Problem: §2 line 89 mentions <random> <action_type> <hash> as a composite format but doesn't define delimiters, field lengths, or parsing rules. harbour uses <nonce> HARBOUR_DELEGATE <sha256-hex> with space delimiters and expects exactly 3 parts via split(" ").

Risks:

• If a nonce value contains a space, parsing fails silently
• Different implementations may use different action type strings (HARBOUR_DELEGATE vs credential.issue vs others)
• No interoperability between independent implementations

Recommendation: Either:

1. Define the composite format normatively: <nonce>:<action_type>:<hash> with : delimiter and constraints (nonce = hex, no colons allowed), OR
2. Remove the composite format from §2 and state that for Simple VPs the nonce MUST equal hash(message) (keeping it simple), with the composite format documented only as an implementation note in harbour

🟡 MEDIUM: Nonce Entropy Minimum Not Specified

Problem: harbour uses secrets.token_hex(4) = 32 bits of entropy. The spec says "unique nonce" (§1, §5) but doesn't specify minimum entropy. 32 bits provides only ~4 billion unique values — insufficient for high-throughput systems and susceptible to birthday attacks for collision-based replay.
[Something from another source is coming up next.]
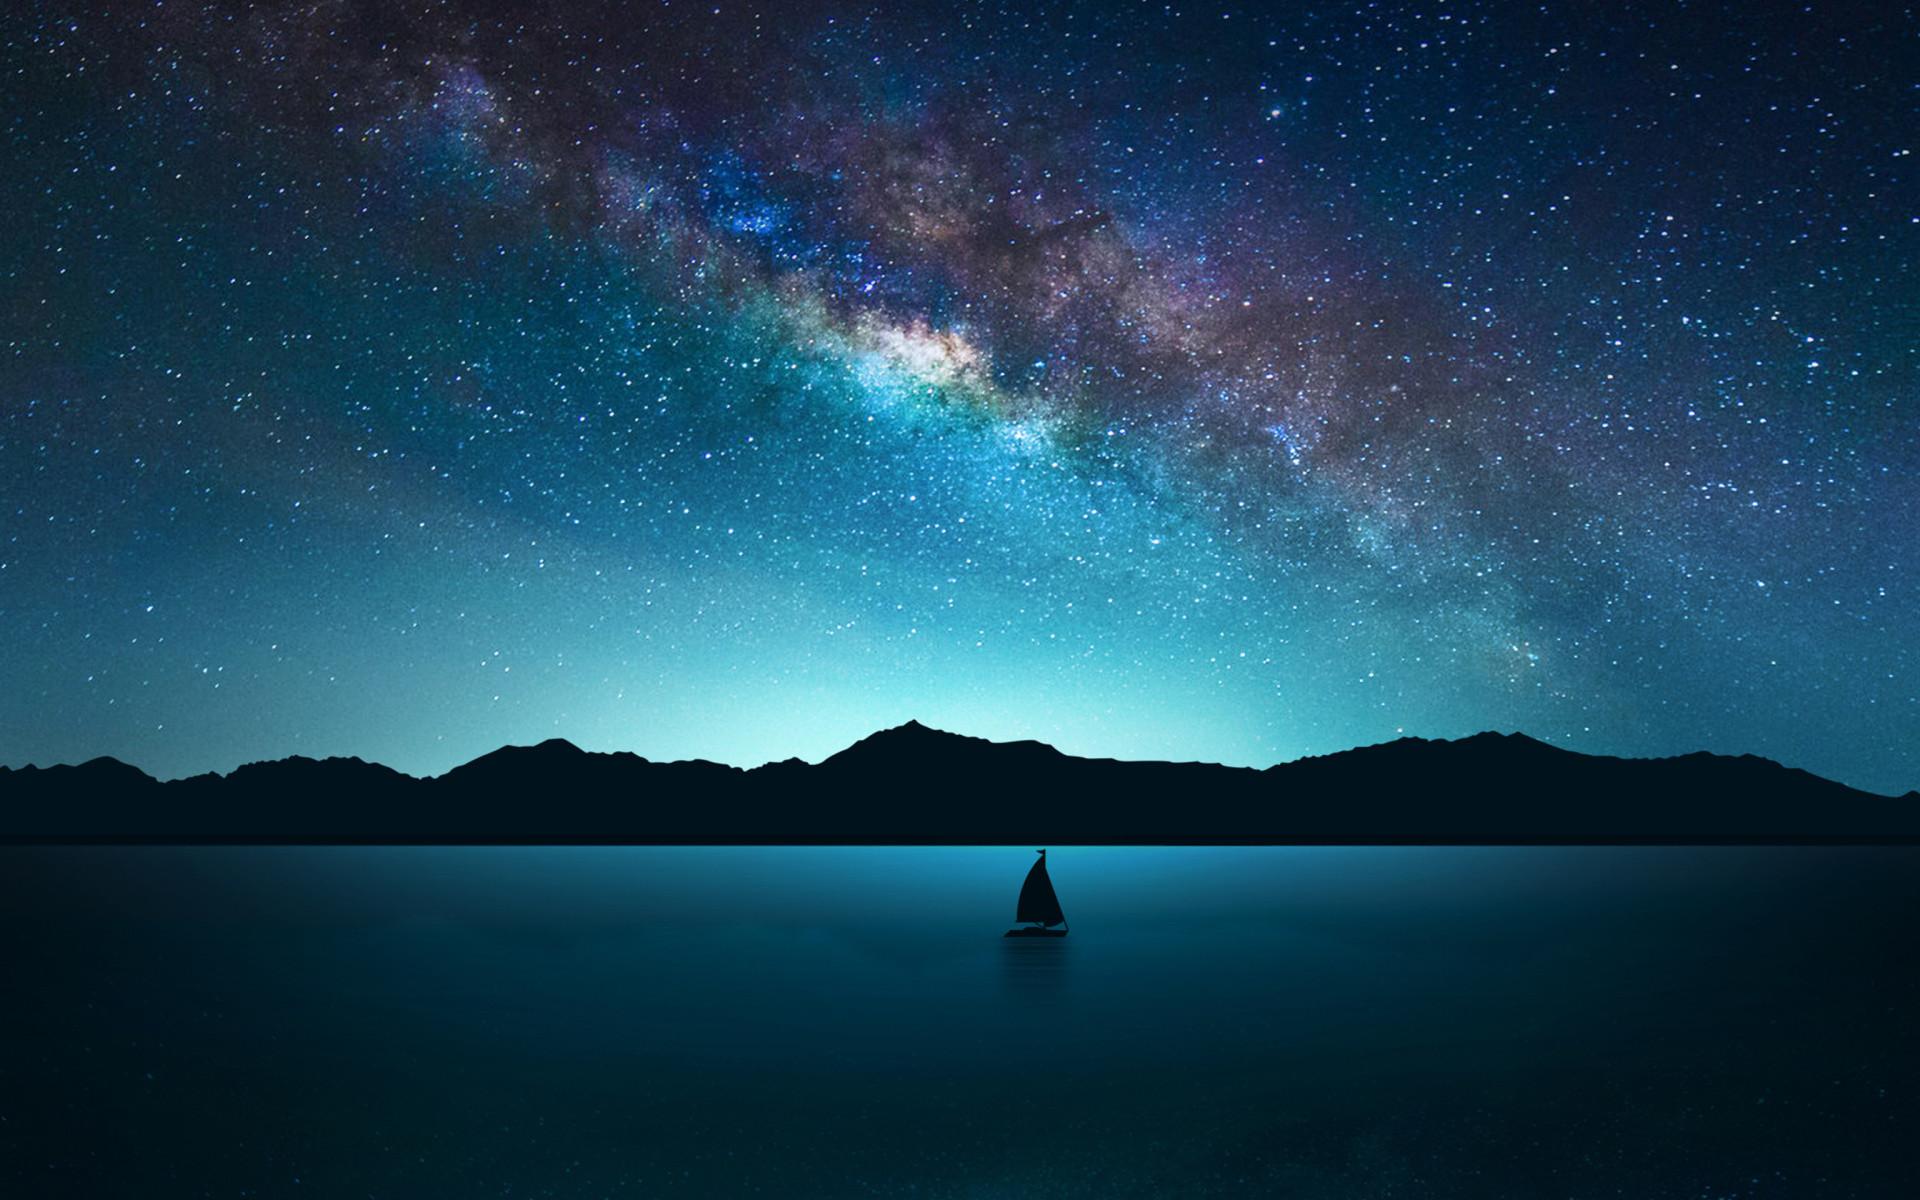 94+ Best HD Sky Full Of Stars Wallpapers, 6276391 1920×1200

Recommendation: Add to §5 Security Considerations:

Message nonces MUST contain at least 128 bits of entropy (for example, 16 random bytes hex-encoded to 32 characters). Implementations using shorter nonces risk replay via birthday collisions.
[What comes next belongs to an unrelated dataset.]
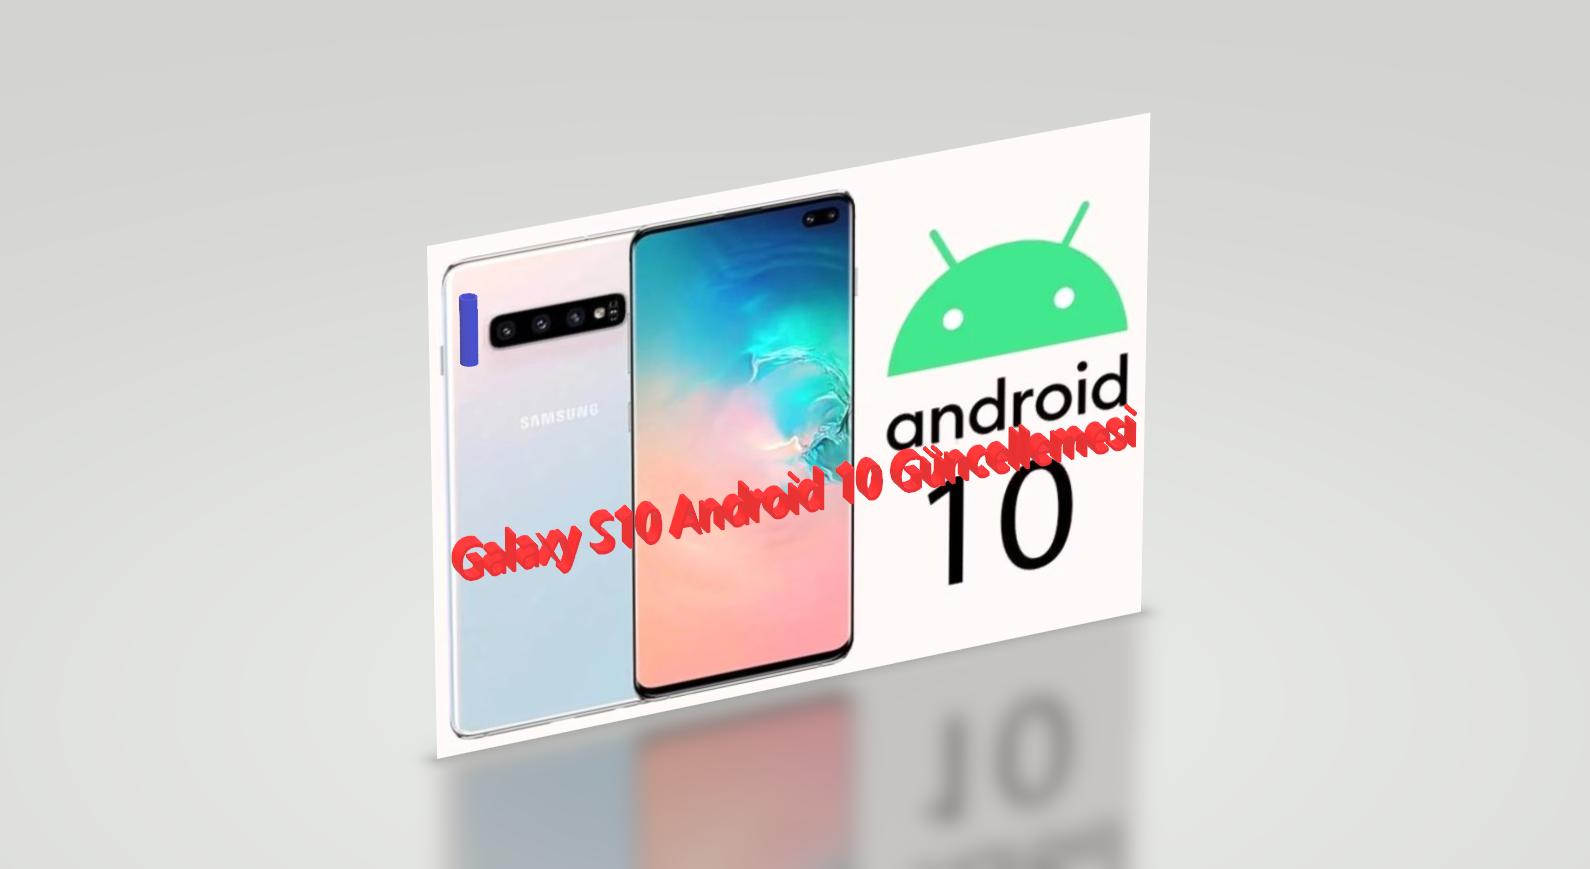 Samsun Galaxy 10 Android 10 Güncellemesi Yüklenecekmi

🟡 MEDIUM: Revocation Check Missing from §4.2 Verification Steps

Problem: §5 says "Verifiers SHOULD check the revocation status of presented VCs" but §4.2 verification steps (the normative checklist) don't include revocation. harbour-credentials confirms this gap: its verify_sd_jwt_vp() does not check revocation — it's left to the caller.

Recommendation: Add step 2b or modify step 2 in §4.2:

Credential freshness (RECOMMENDED): Verifiers SHOULD verify that each presented VC has not been revoked, using the revocation mechanism indicated in the credential (for example, Status List 2021 or OCSP).
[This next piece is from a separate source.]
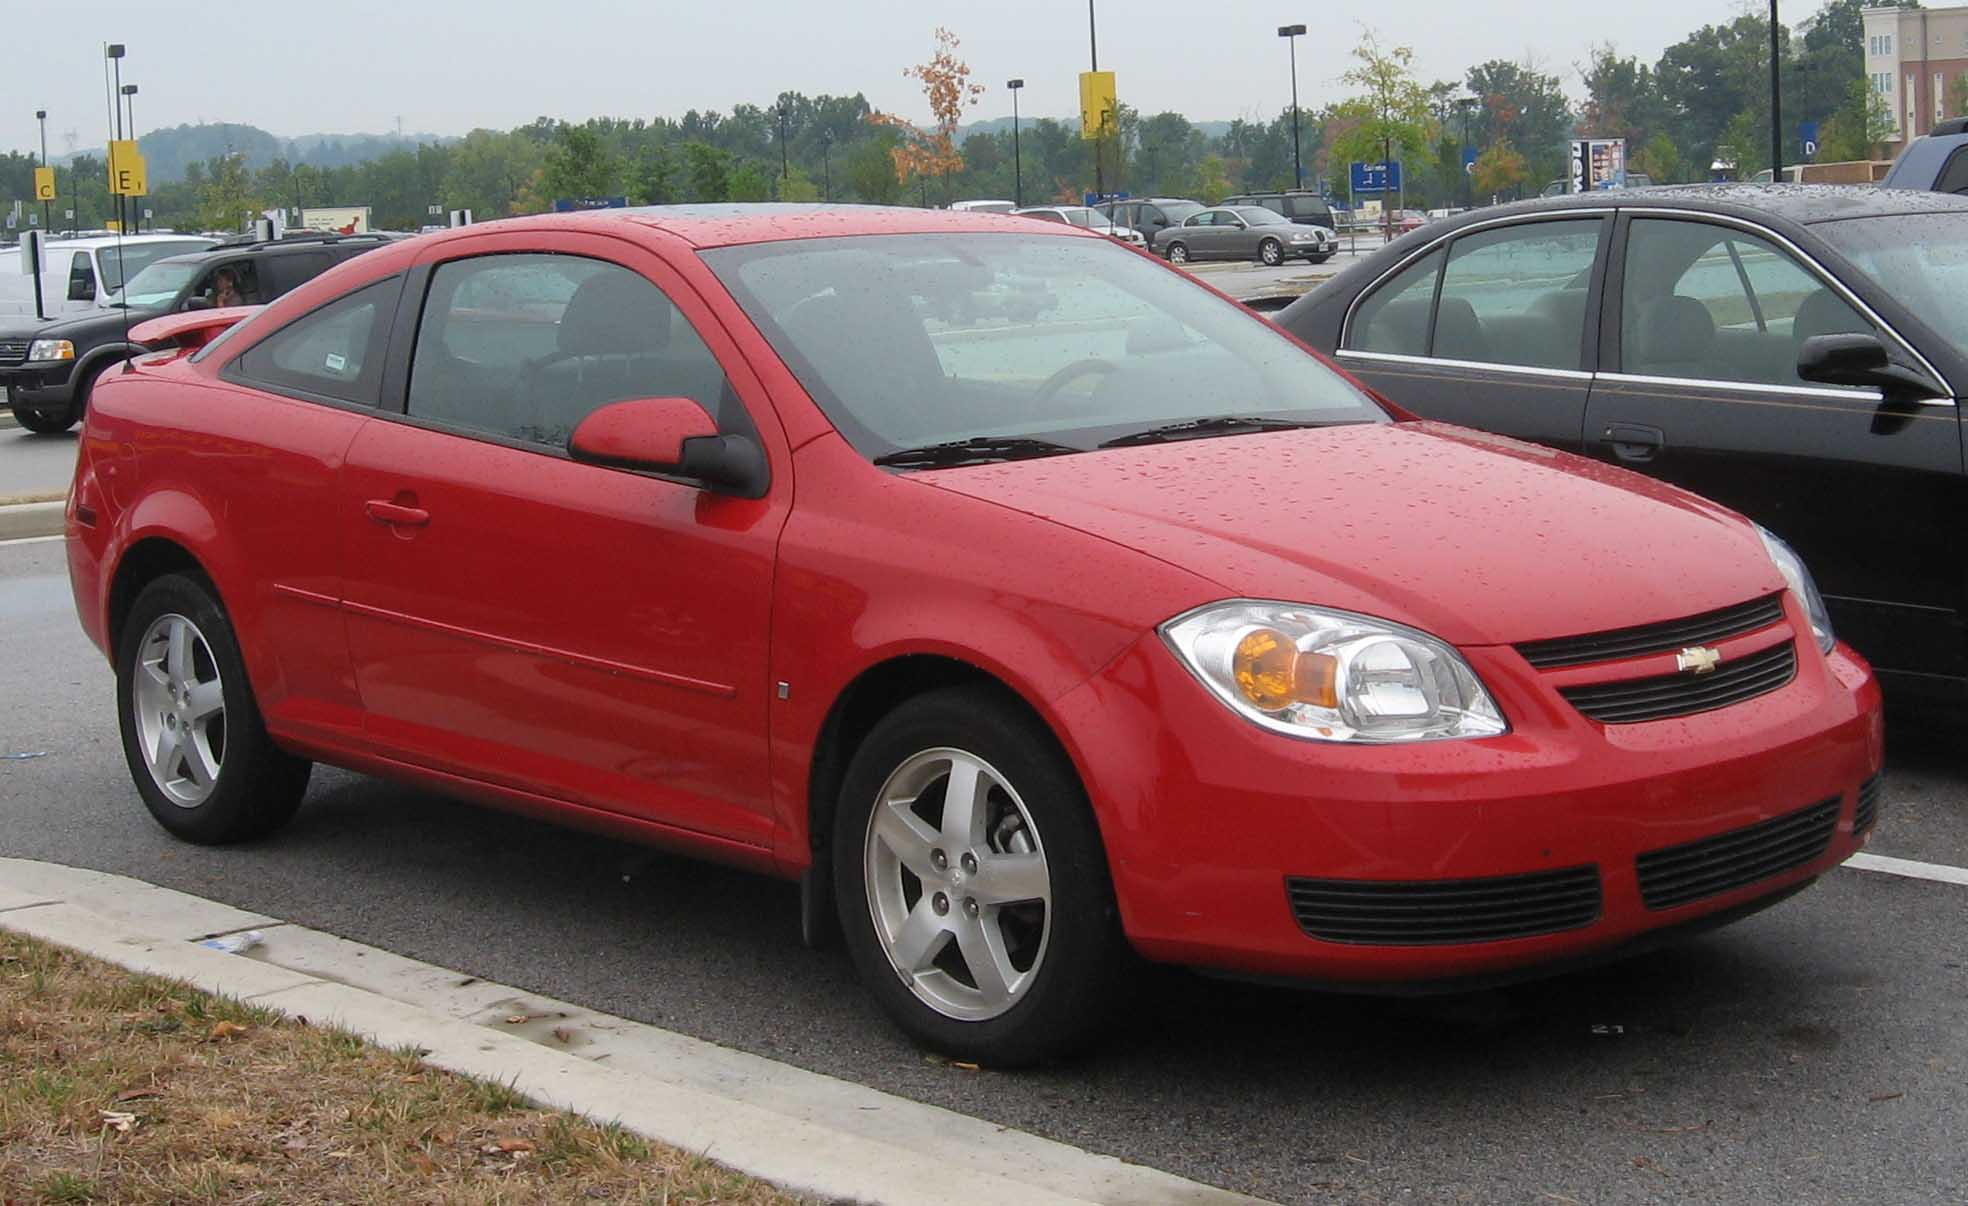 2007 Chevrolet Cobalt Information And Photos Zombiedrive Chevy Silverado Fuse Box 17

🟡 MEDIUM: Evidence Envelope/Storage Format Undefined

Problem: simpulse-id-credentials embeds the evidence VP JWT string inside a VC's evidence array with type: harbour:CredentialEvidence. The spec says evidence is "stored" (§3.2 step 5) but never defines:

• How evidence should be serialized for storage
• A type URI for evidence artifacts
• Whether the evidence VP should be wrapped in another VC or stored standalone

Recommendation: Add an informative §7 "Evidence Packaging" or expand §3.2:

Implementations MAY embed the evidence VP token inside a Verifiable Credential's evidence property (per VC Data Model §5.5) using type EvidenceVerifiablePresentation. Alternatively, the raw VP token MAY be stored standalone with associated metadata (message, timestamp, holder DID).

🟡 MEDIUM: Time-Bounding Guidance Absent

Problem: harbour enforces a 300-second (5 min) default max_age via validate_transaction_data(). The spec says "SHOULD set an expiration" (§5) but provides no guidance on reasonable bounds.

Recommendation: Add informative note to §5:

A typical maximum age for evidence requests is 5–15 minutes. Shorter windows reduce the risk of stale consent but must account for wallet interaction latency.

🟢 LOW: Action Type Registry

Problem: harbour uses HARBOUR_DELEGATE, simpulse uses credential.issue as action types. Without a registry or naming convention, action types may collide or be ambiguous.

Recommendation: Add informative note in §1:

Action types SHOULD use reverse-domain or namespaced identifiers to avoid collisions (for example, envited-x.credential.issue, envited-x.asset.list).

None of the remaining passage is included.